O presidente do Senado, Davi Alcolumbre (União-AP), evitou entrelinhas. Numa reunião com os líderes partidários da base do governo Lula e da oposição, ele afirmou que não dará andamento ao pedido de impeachment do ministro Alexandre de Moraes, do Supremo Tribunal Federal (STF), de jeito nenhum.
“Nem se tiver 81 assinaturas, ainda assim não pauto impeachment de ministro do STF para votar”, afirmou, de acordo com relatos feitos à Coluna do Estadão. Estavam na reunião os líderes governistas, além dos senadores Rogério Marinho (PL-RN), Tereza Cristina (PP-MS) e Marcos Rogério (PL-RO).

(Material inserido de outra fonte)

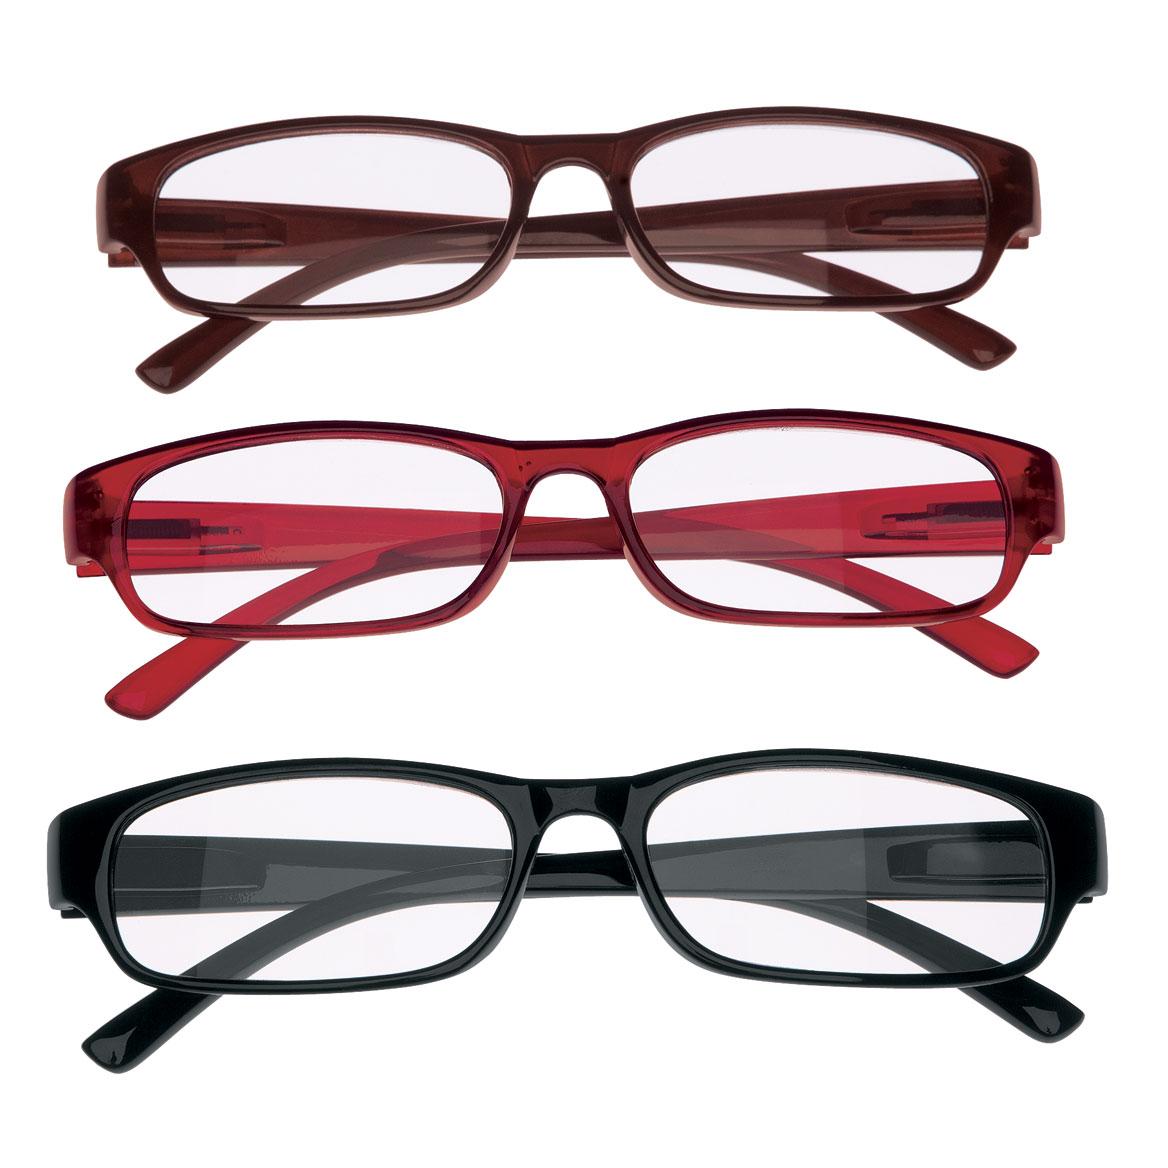 Bifocal Reading Glasses, Set of 3-358872

O senador deu a declaração em tom elevado. Tamanha a irritação, até se incluiu na conta para expor que, nem se o Senado inteiro pedisse a abertura do processo, ele daria andamento. A Casa tem 81 senadores.
A afirmação de Davi Alcolumbre é um banho de água fria para os bolsonaristas que anunciaram nesta quinta-feira, 7, que conseguiram as 41 assinaturas. Esse é o número necessário para aprovar a admissibilidade do processo, caso o presidente do Senado desse andamento ao pedido. (Leia mais abaixo os detalhes do trâmite do processo.)

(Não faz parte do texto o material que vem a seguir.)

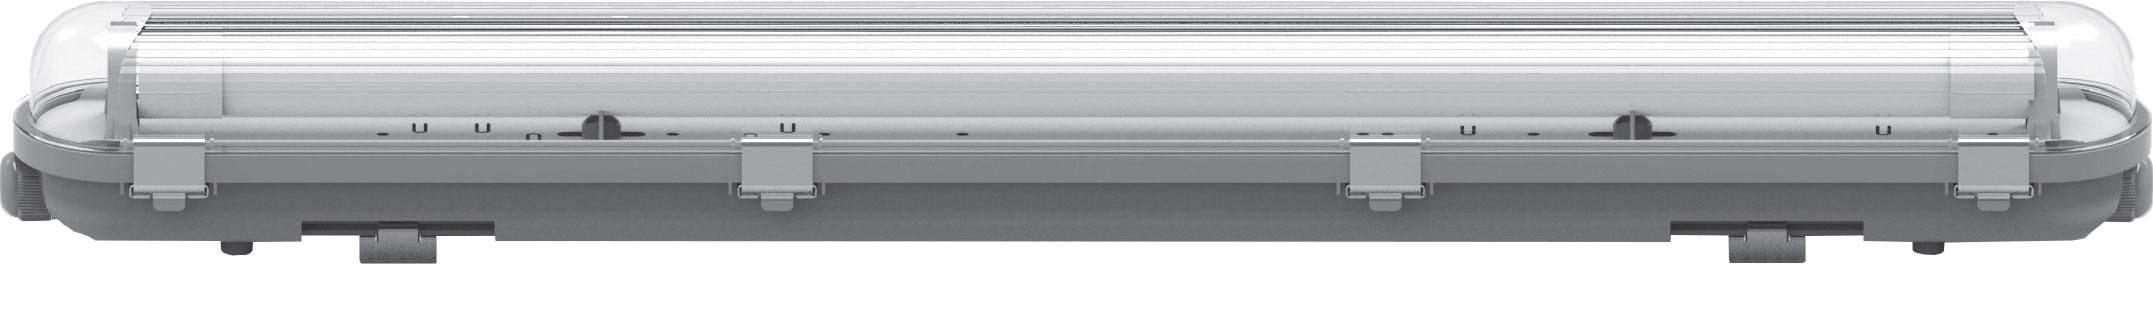 MILANO X LED DOPPIO TUBO POLICARBONATO 1500MM (2X58) IMPERIA

“Um processo de impeachment não é fruto de vontade do presidente da Casa. É um movimento de maturação e tempo. O ex-presidente da Câmara, Eduardo Cunha, também não ia votar o impeachment de Dilma Rousseff. Mas uma hora o vento muda”, rebateu o senador Carlos Portinho (PL-RJ).

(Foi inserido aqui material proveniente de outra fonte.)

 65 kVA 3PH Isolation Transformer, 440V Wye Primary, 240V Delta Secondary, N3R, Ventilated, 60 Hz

“Uma coisa de cada vez. Agora tem 41 assinaturas. Depois conseguiremos apoio para ter 54 votos. Vamos comemorar a vitória de hoje”, continuou Portinho.
O rito do processo de impeachment de ministro do STF
Caso a denúncia seja aceita por ele, é lida no plenário da Casa na sessão seguinte. Depois é criada uma comissão especial, com 21 senadores, para avaliar o caso de forma preliminar. Esse colegiado tem dez dias para decidir se o processo segue adiante.
Se os parlamentares derem parecer favorável, o processo de instauração formal é votado em plenário por todos os senadores. É preciso obter maioria simples dos votos (41 dos 81 senadores), do contrário, o pedido é arquivado.
Sendo aprovado, o passo seguinte é a instauração formal do processo pela comissão especial. Novos prazos são cumpridos e o processo de impeachment precisa ser aprovado por maioria qualificada – ou seja, dois terços dos senadores (54 votos).
Embora a Constituição permita que o Senado Federal julgue e afaste membros do STF por cinco tipos de crime de responsabilidade, nunca ocorreu no Brasil o impeachment de ministros da Corte.
Em 134 anos, o STF só teve um integrante demovido do cargo por decisão do Poder Legislativo. Em 1894, o Senado negou a indicação de Cândido Barata Ribeiro para uma das cadeiras na Corte. Os senadores avaliaram que Barata Ribeiro, que era médico, não possuía o “notório saber” previsto na Constituição para o exercício do cargo de juiz da Suprema Corte.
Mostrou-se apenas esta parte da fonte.